Mine has the same problem. Don't know how to fix it, either. Like you, I thought I was getting a decent tool. Not so, I guess. It's the first Dewalt tool I've owned. It may be the last, also.


----------



## Kenbo (Sep 16, 2008)

I have the same saw and have never had this problem. Mind you, the thickest stock that I have ever cut has been 1". DeWalt usually carries a good product and I am suprised that they have not responded to your e-mail. I have read a couple of reviews of this saw and apparently, you guys are not the only ones experiencing this problem. I would like to think that they have a fix or replacement part for an obviously faulty blade lockdown. 
Keep us informed as far as what DeWalt is going to do for you in this matter.
Ken


----------



## rrbrown (Feb 15, 2009)

I think that's the model I have and and I have never had a problem. Dewalt does usually have good service and I would call them if email is not getting the desired response. I'm sure if you could get it to a service center they would fix the problem. Hell I had a saw that was way out the warranty and they tried to fix it but replaced it for free instead, so I kind of thought there customer service was good.

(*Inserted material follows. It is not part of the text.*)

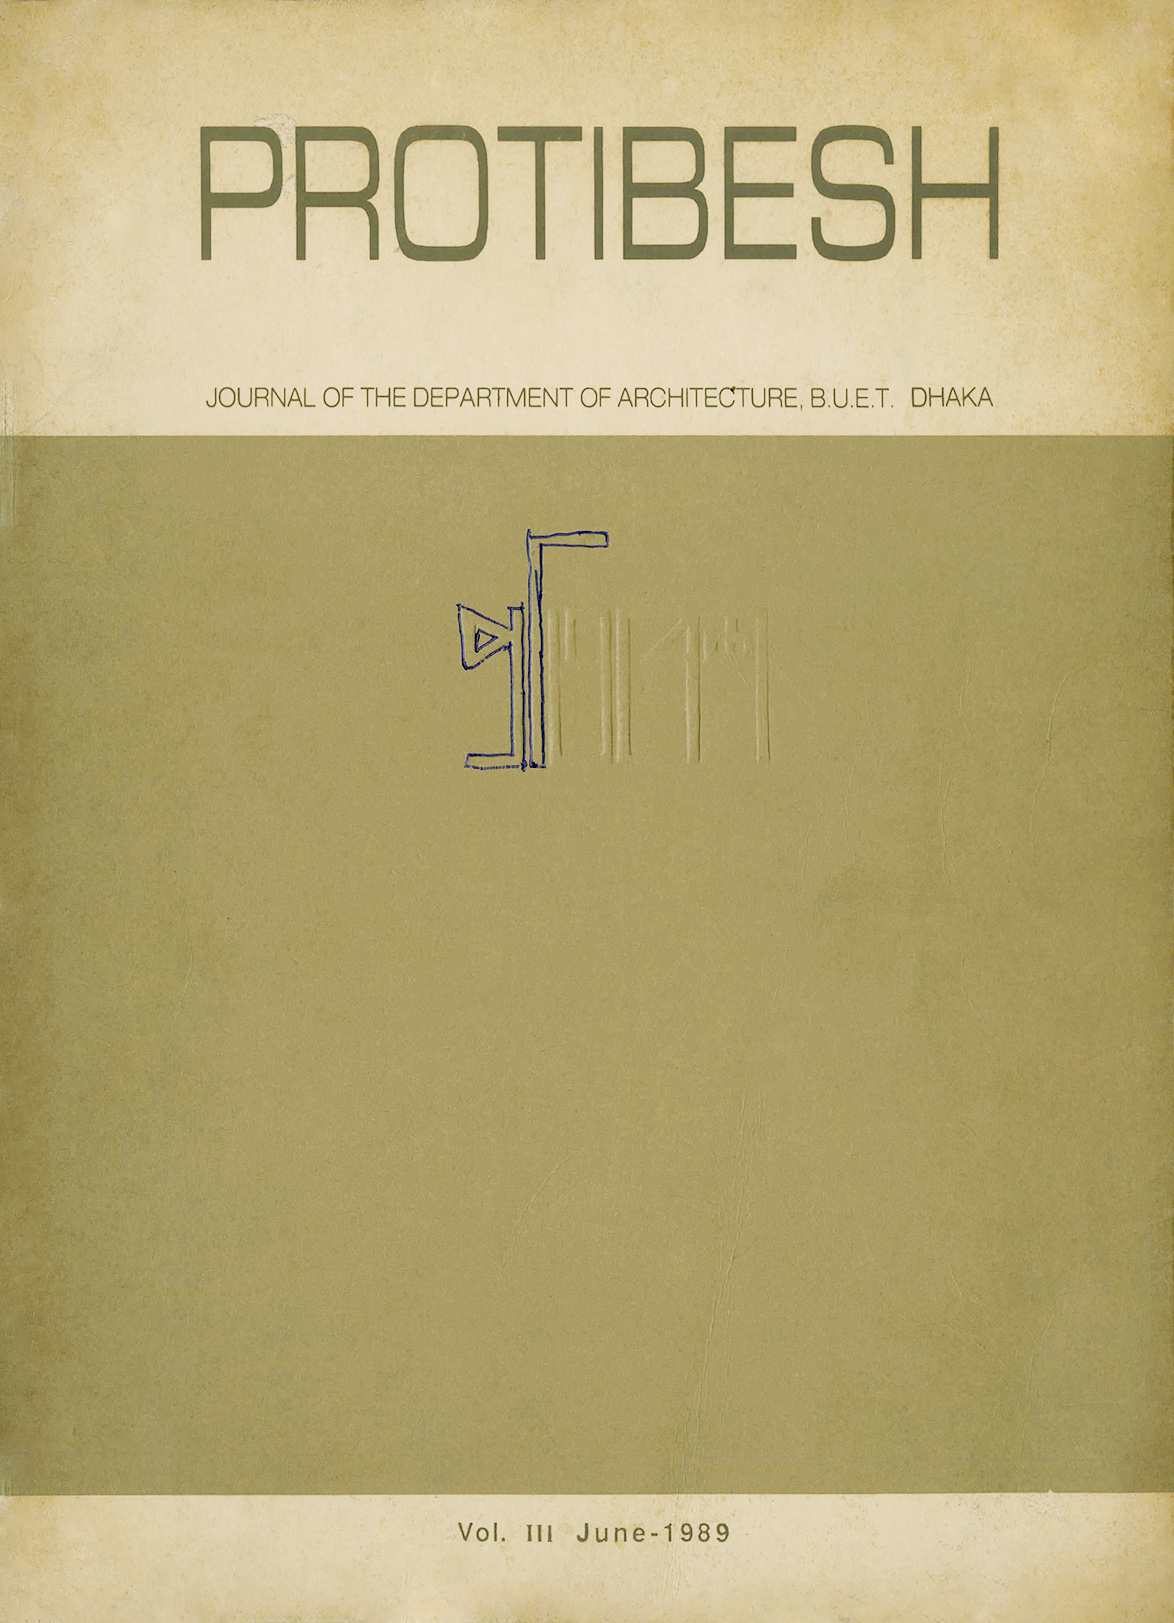 Cover image of Protibesh Vol-03 No-01 June-1989 - Journal of the Department of Architecture, BUET

Try this number for customer service *1-800-4-DEWALT*


----------



## Wood Butcher (Jul 28, 2010)

*DeWalt Jig Saw- Throws blades*

Amazing! I posted this thread yesterday and today I'm a happier DeWalt customer. From reading your replies, I discovered I was not alone in my experience with this saw. However both Ken and Richard suggested I try DeWalt's customer service again, which I did. I called 1-800-4-DEWALT as Richard suggested and got Charlie in their parts area. I described my problem, past attempts to deal with DeWalt on the web and let him know that the saw was long-since out of its warranty. I also mentioned that there wasn't a service center nearby. He asked if I was mechanically-inclined and i responded that I am. He said that DeWalt would be sending me a new spindle assembly and that their website "dewaltservicenet.com" would be able to provide instructions. I've got to say that he was most responsive and went a long way in renewing my faith in DewWalt. Bob


----------



## Kenbo (Sep 16, 2008)

That's awesome Bob. Let us know how the repair goes and what your findings are on the new part.


----------



## rrbrown (Feb 15, 2009)

Glad to hear it helped.


----------